An orchid rehabilitation project is turning a small Mexican community into a tourist magnet — and attracting far-flung locals back to their hometown.

They Migrated From Chiapas When Opportunities Dried Up, Orchids Brought Them Home

Marcos Aguilar Pérez takes care of orchids rescued from the rainforest in his backyard in Santa Rita Las Flores, Mapastepec, Chiapas, Mexico.

Adriana Alcázar González/GPJ Mexico
Adriana Alcázar González

MAPASTEPEC — Sweat cascades down Candelaria Salas Gómez’s forehead as she separates the bulbs of one of the orchids she and the other members of the Santa Rita Las Flores Community Ecotourism group have rescued from the rainforest. The group houses and protects over 1,000 orchids recovered from El Triunfo Biosphere Reserve, in the southeastern Mexican state of Chiapas, after powerful storms.

“When the storms and heavy rains end, we climb to the vicinity of the mountains and collect the orchids that have fallen from the trees.

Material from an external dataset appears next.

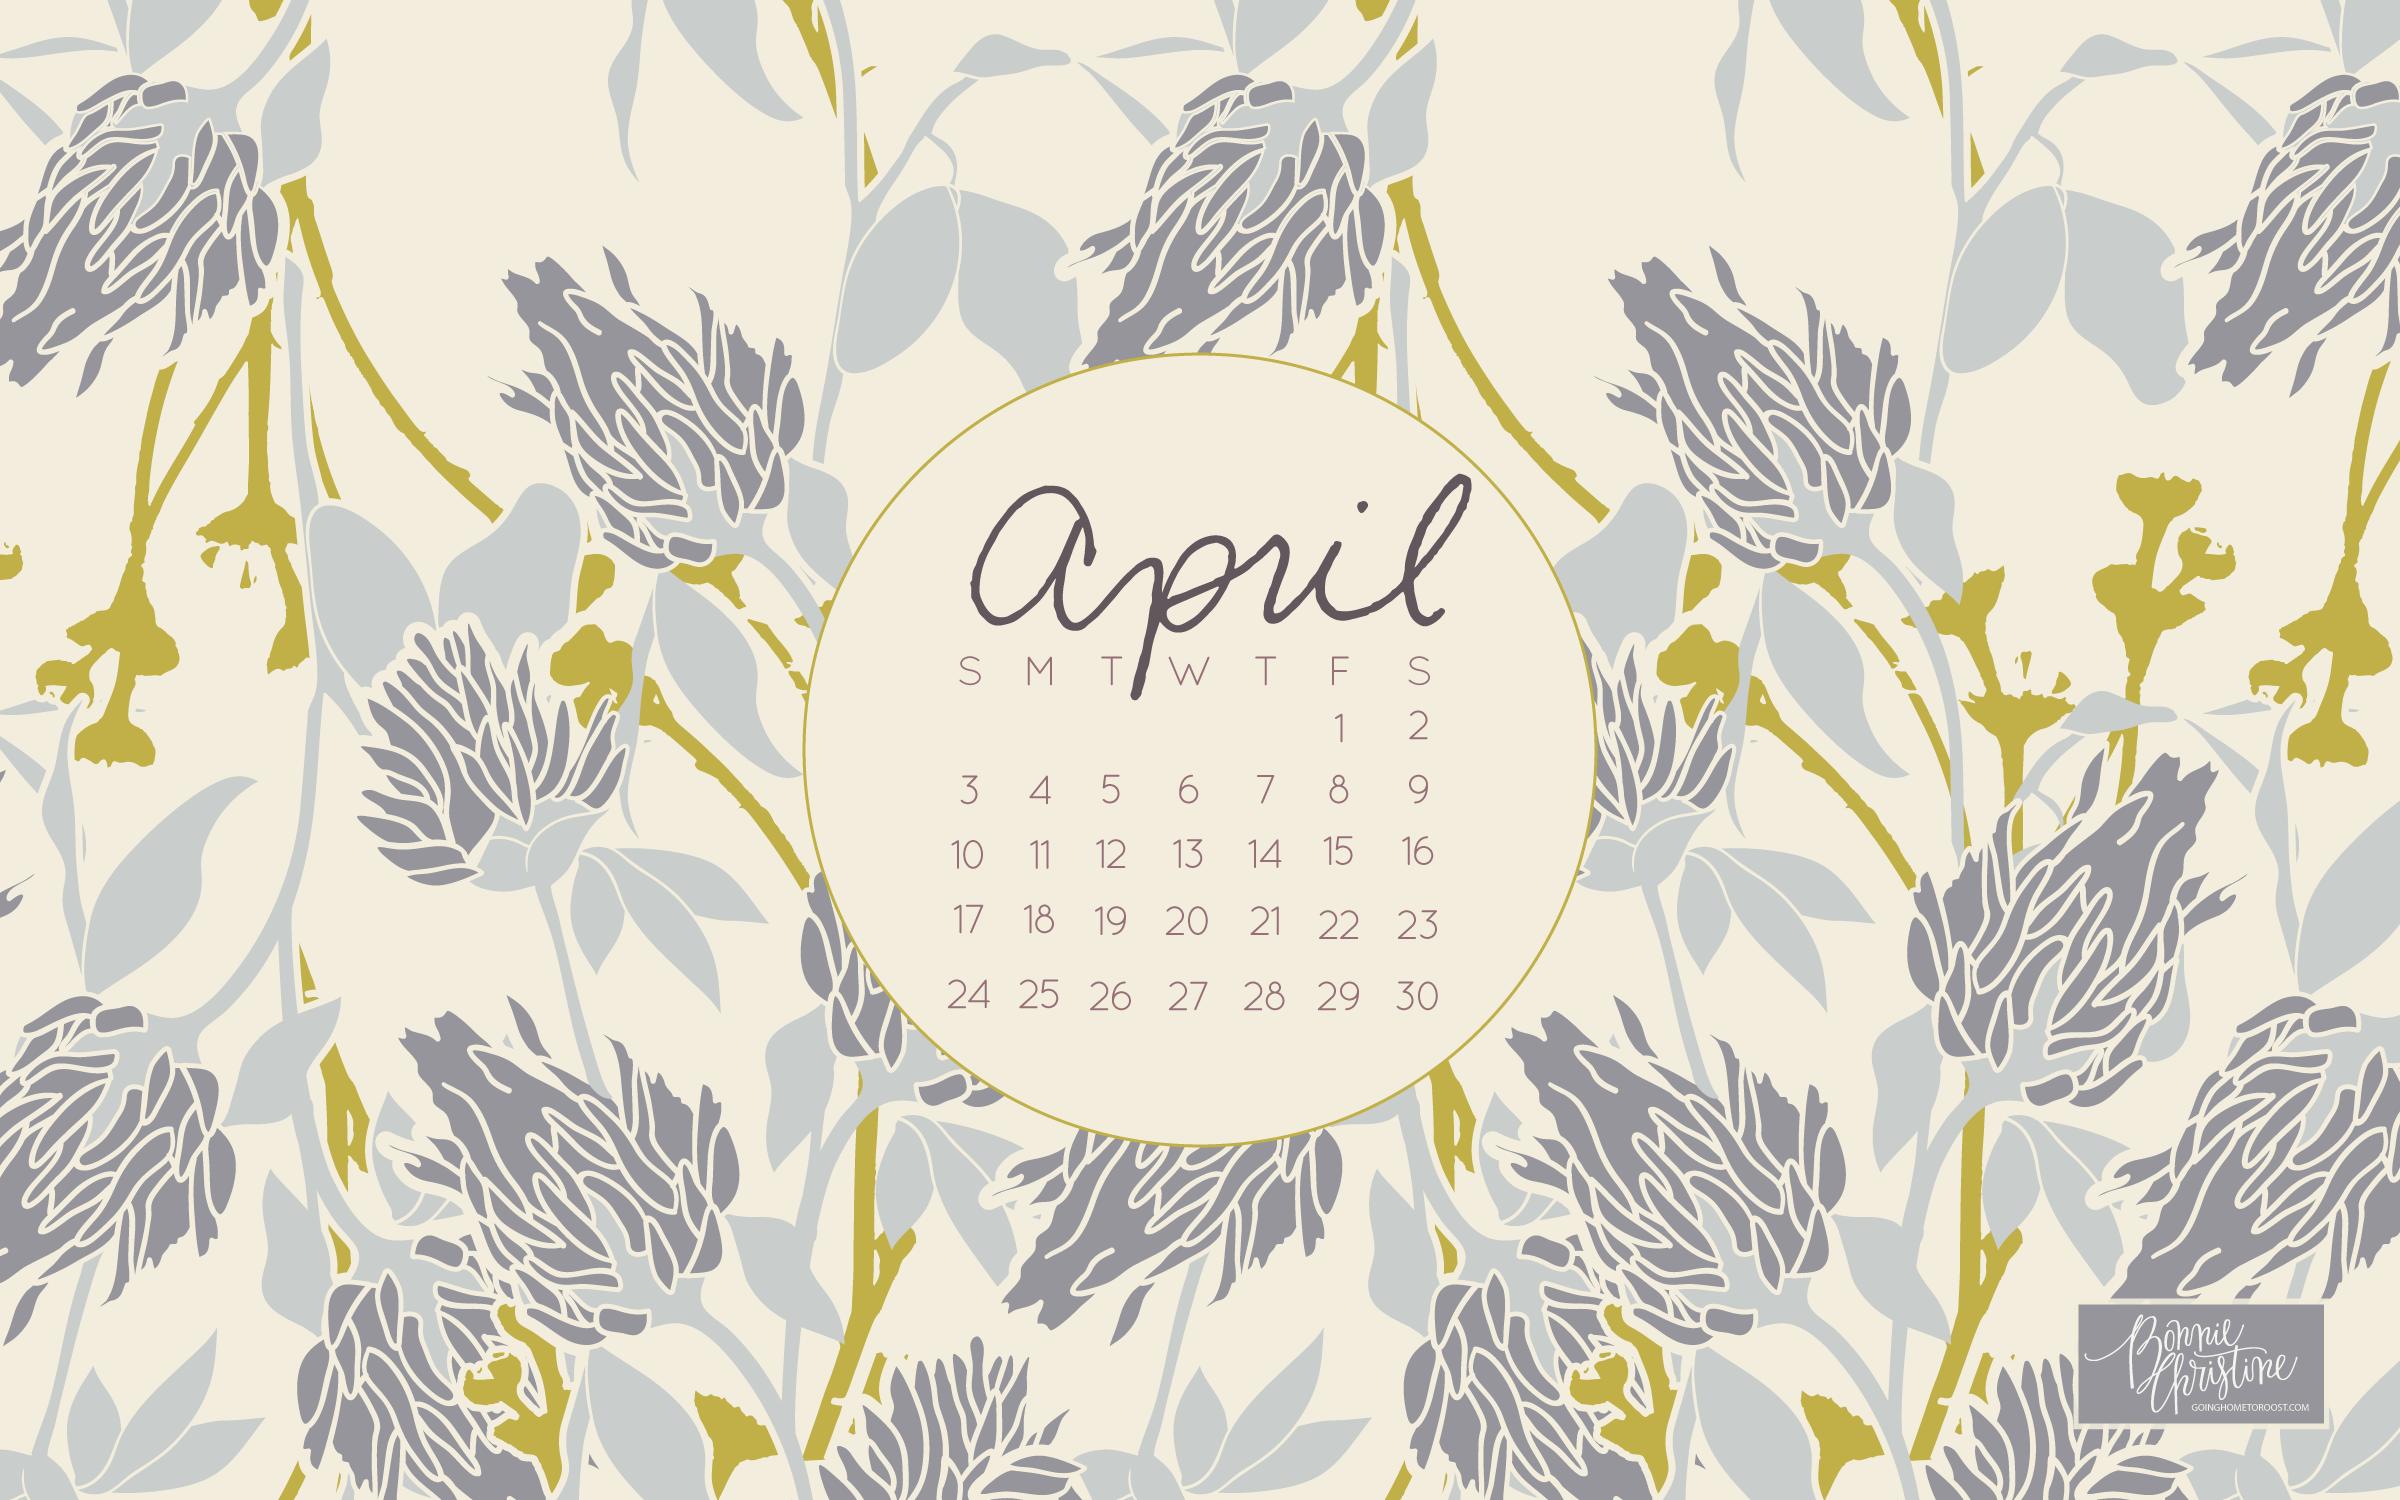 ... -april-2016-desktop-calendar-april-2016-desktop-calendar-PGqpOX.jpg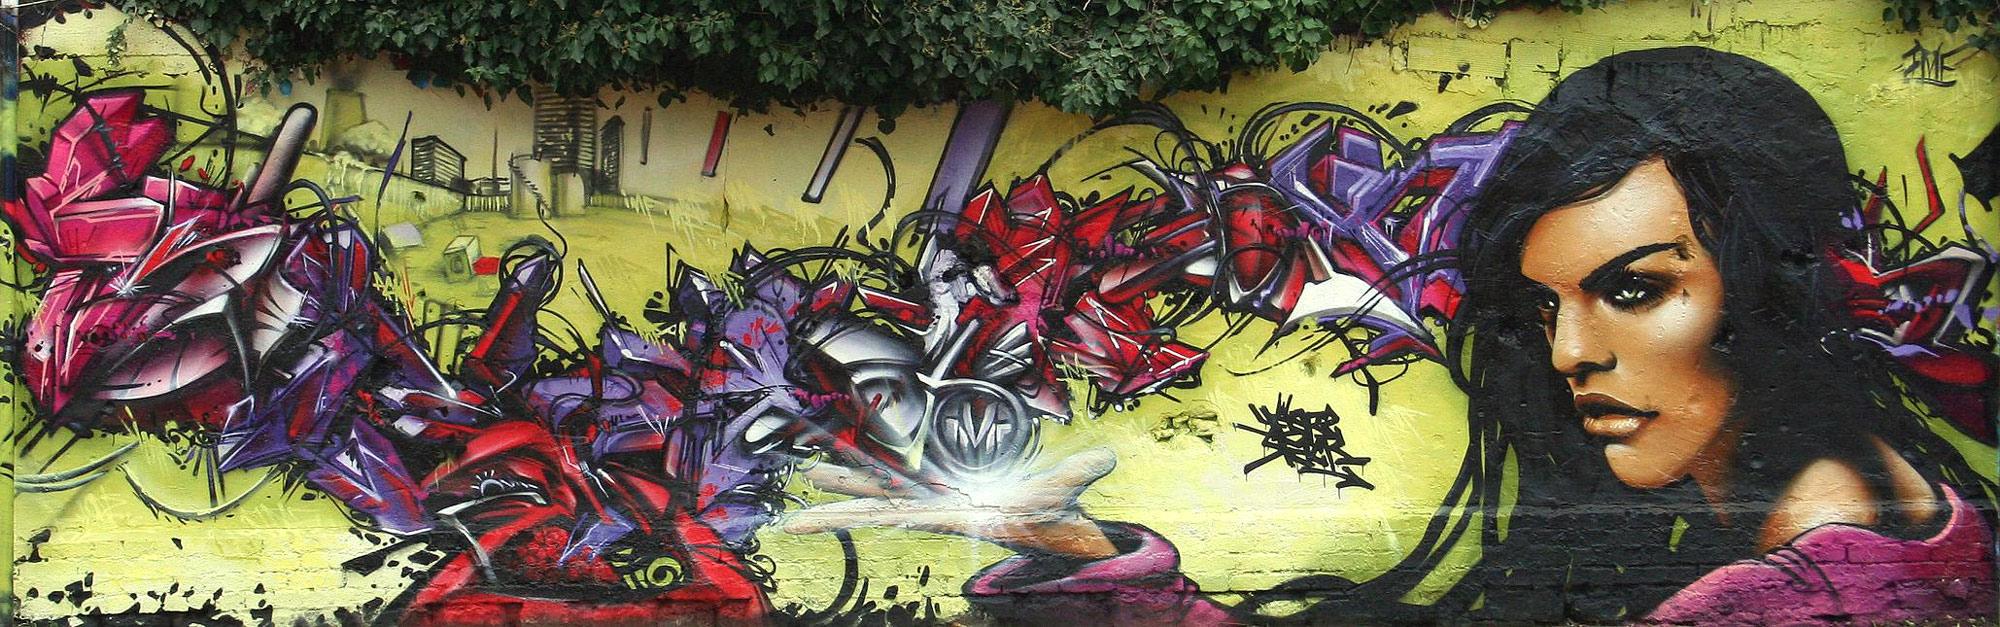 Grafiti - Page 5 Final_big

We bring them to Santa Rita, care for them, and build their strength to reintegrate them into the reserve later,” says Salas Gómez, 32, as she attaches an orchid to a clay base to help it recover.

Like magnets, the orchids of Santa Rita have exerted a pull on those who have migrated from the area due to lack of opportunity. After years away from home, Salas Gómez was one of those who returned, attracted by the community venture to rescue these flowers and exhibit them as a tourist attraction, which provides residents with an adequate income.